The data driver 230 may convert serial R-G-B video data provided by the controller 210 to parallel video data and convert digital data to an analog current or to a duty-on current (for example, a pulse current), thereby simultaneously providing the video data corresponding to an amount of one horizontal line to the display panel 240 and sequentially providing the video data to each horizontal line. For example, digital information on the video data provided by the controller 210 is converted to the analog current for expressing the gradation of a color and provided to the display panel 240. The analog current may be a current in a pulse form. In this case, it is preferred that the data driver 230 is also synchronized with a date signal provided to the scan driver 220 to output unit frame data.

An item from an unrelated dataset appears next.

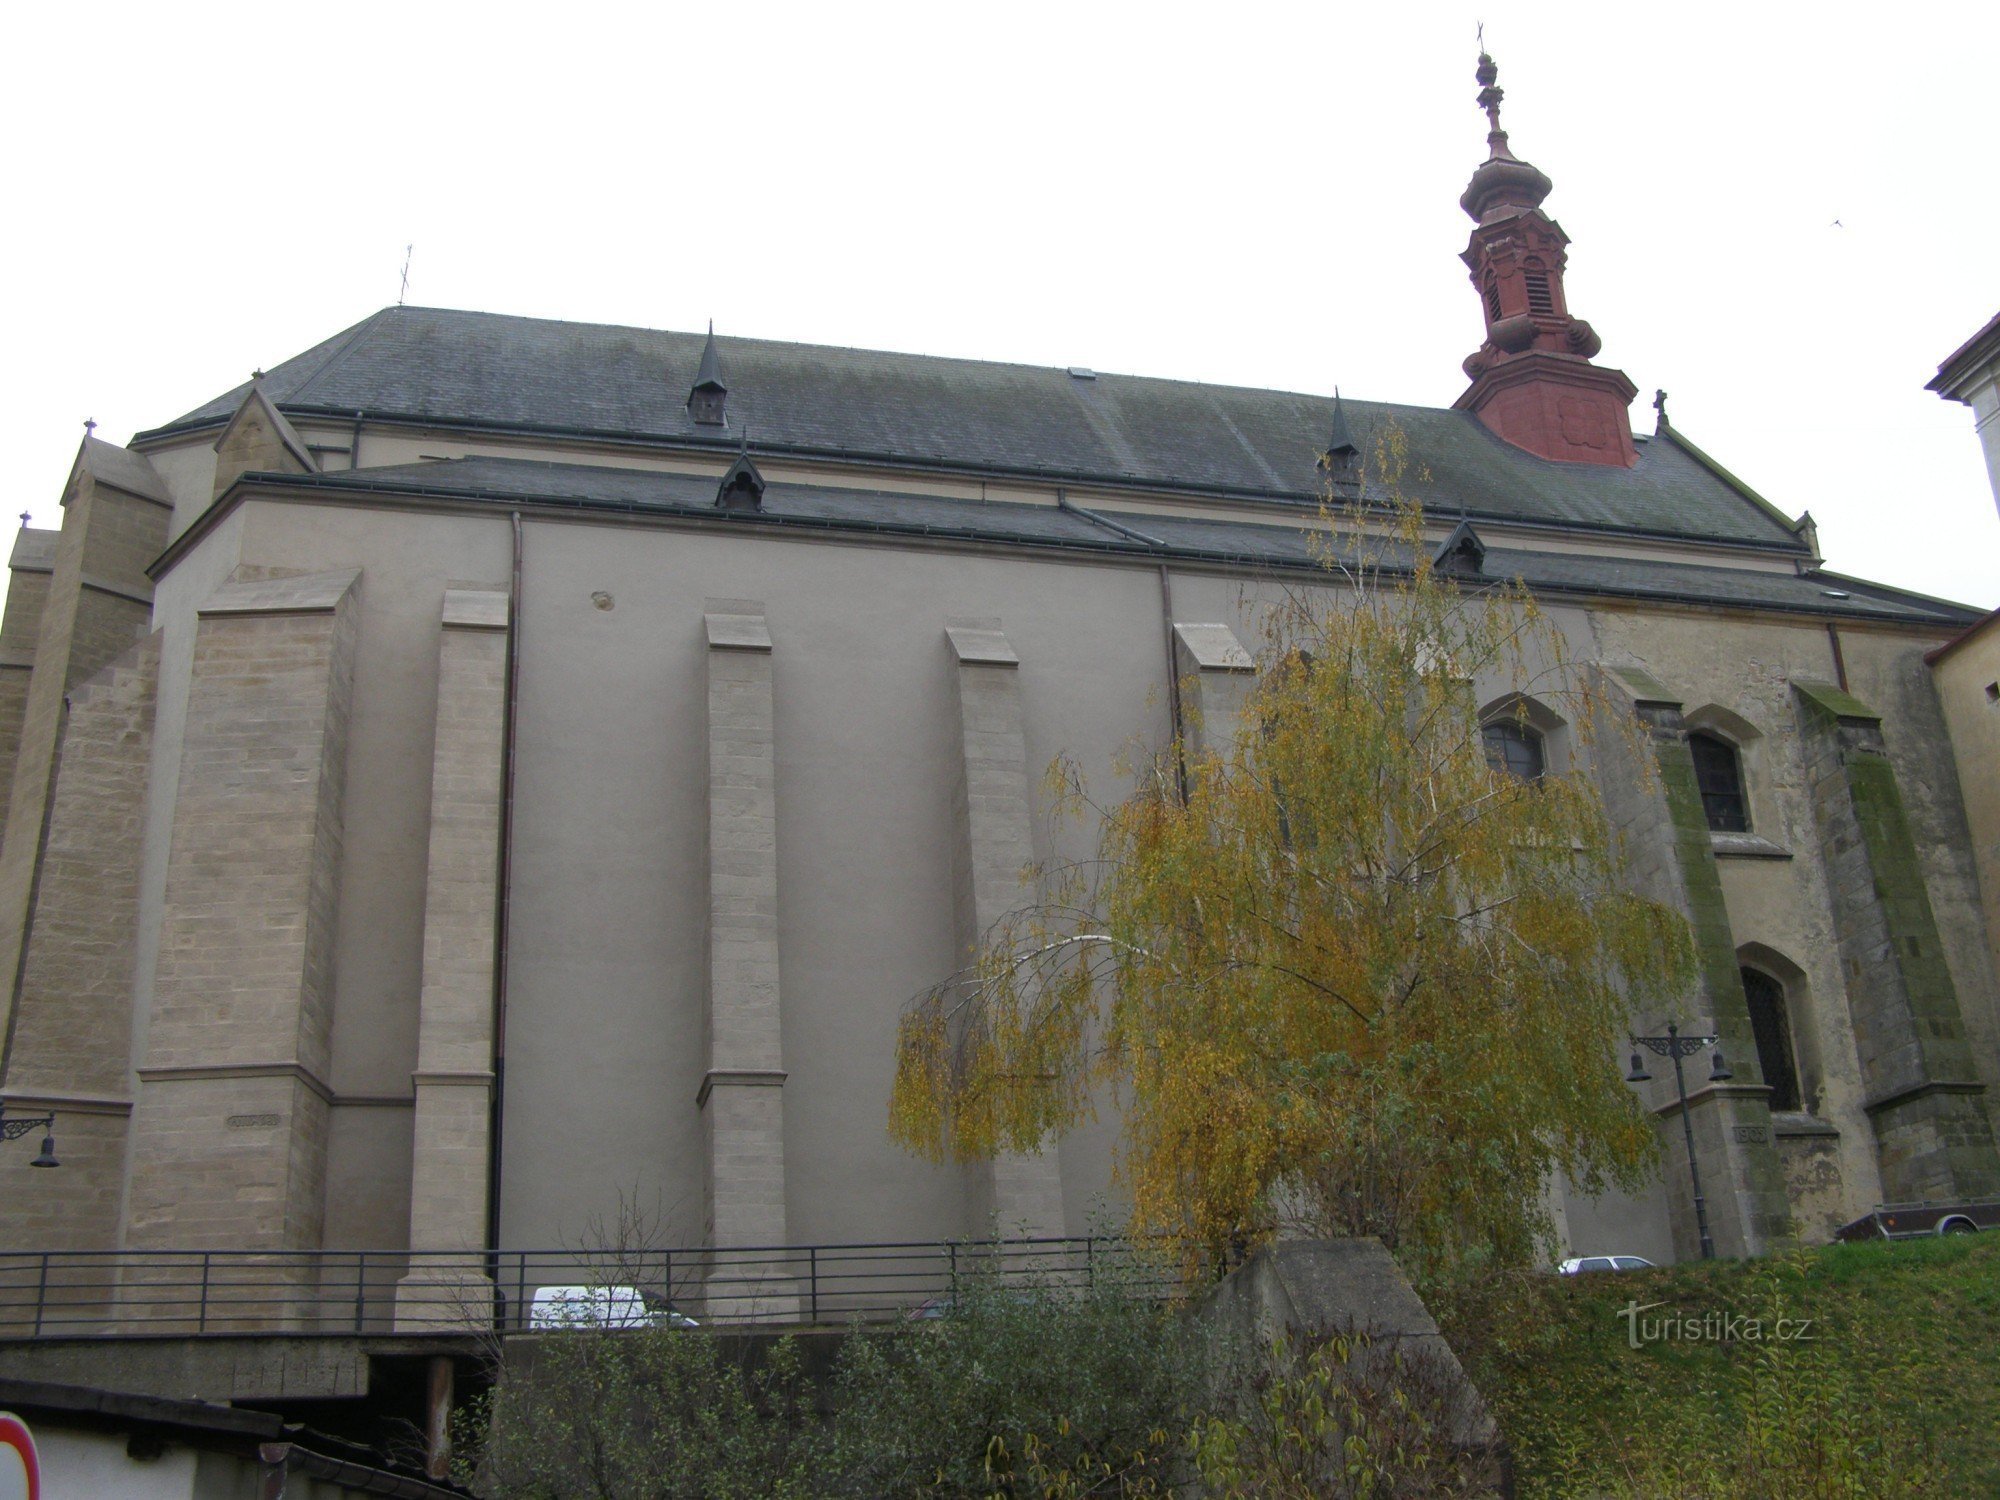 Jaroměř - iglesia de St. Nicolás
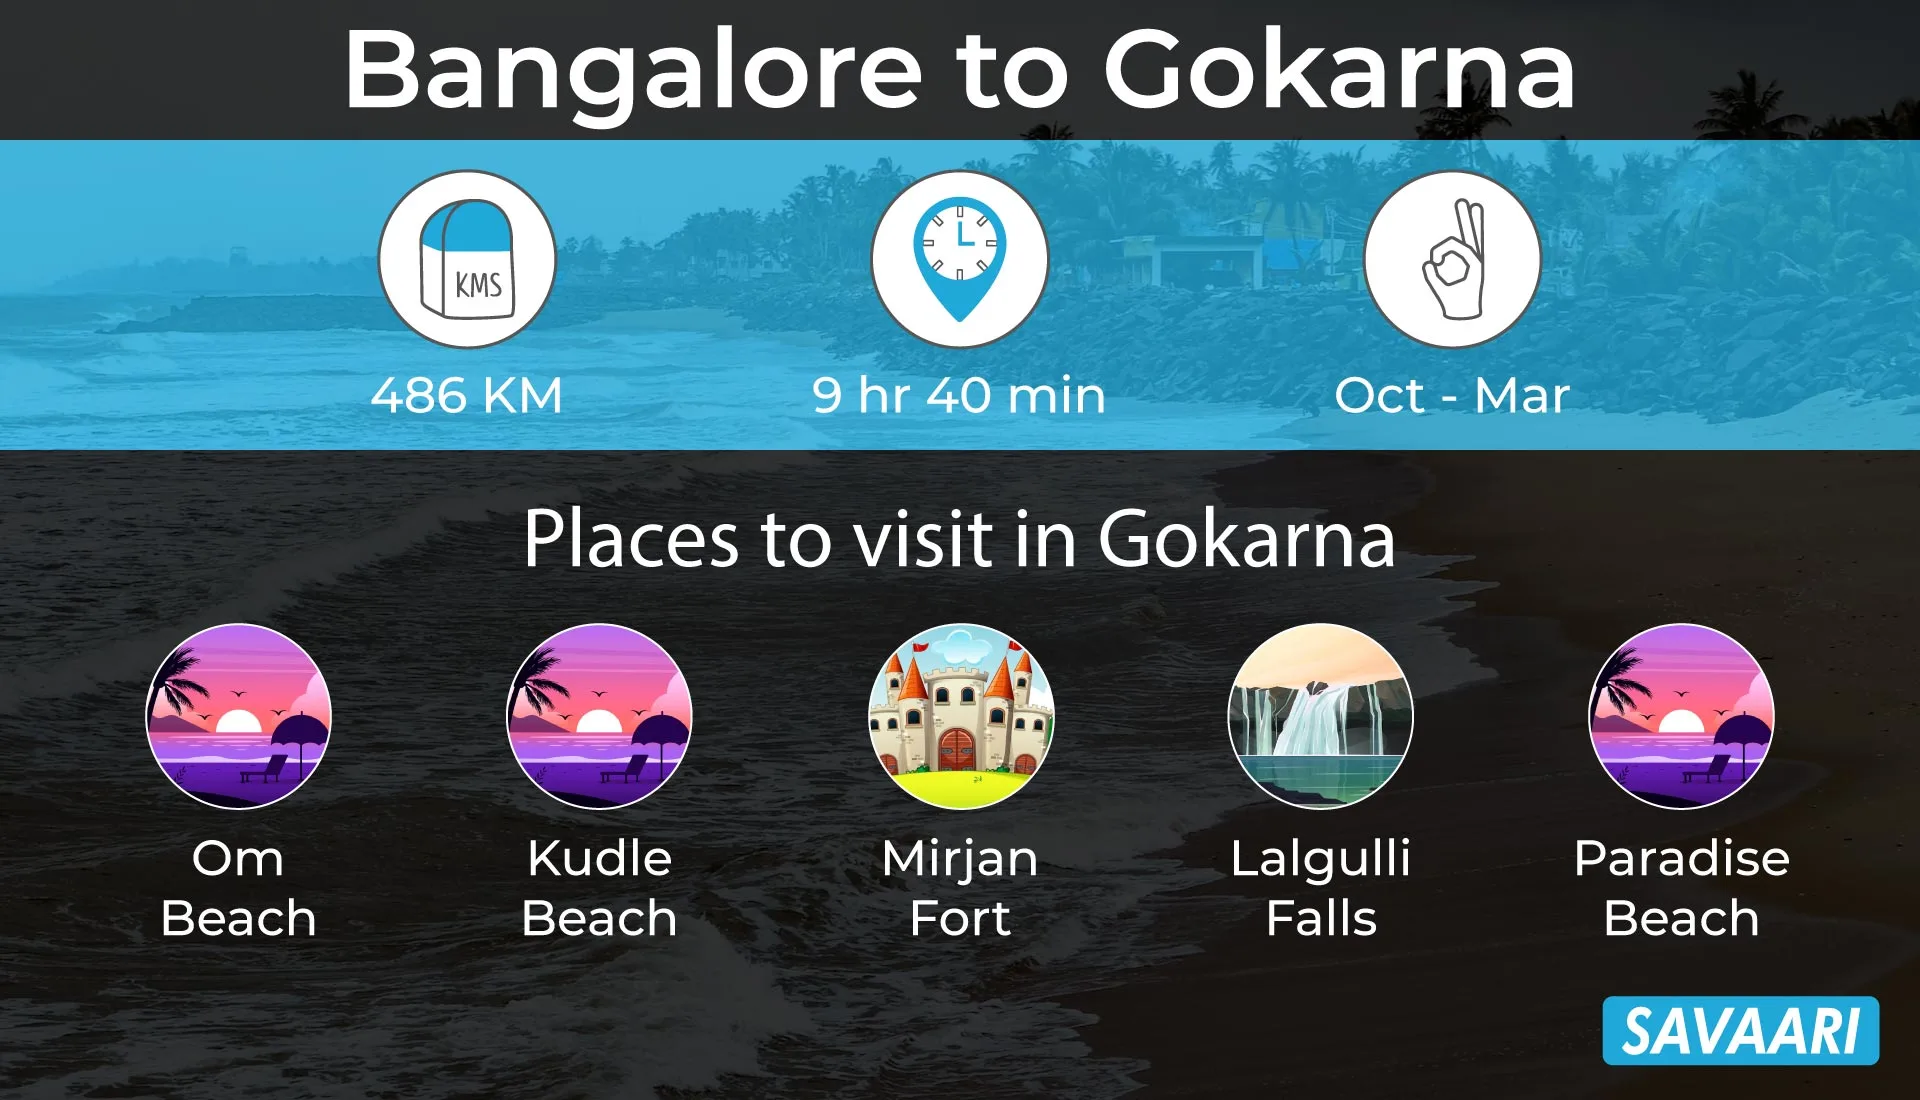 Bangalore to Gokarna by road

A detailed structure of the data driver 230 has been commonly known to a person having ordinary skill in the art (hereinafter referred to as ‘those skilled in the art’), and thus, a detailed description that may obscure the scope of the present disclosure is omitted. That is, diverse alterations may be applied to the structure of the data driver 230 depending on whether to drive the light emitting elements by a constant current or by a constant voltage. Accordingly, in the exemplary embodiments disclosed herein, the constant current is illustrated as a current source as shown in FIG. 3, for convenience in explanation. However, the data driver 230 may be realized by using the IC of TLC 5958 series of Texas Instruments Inc.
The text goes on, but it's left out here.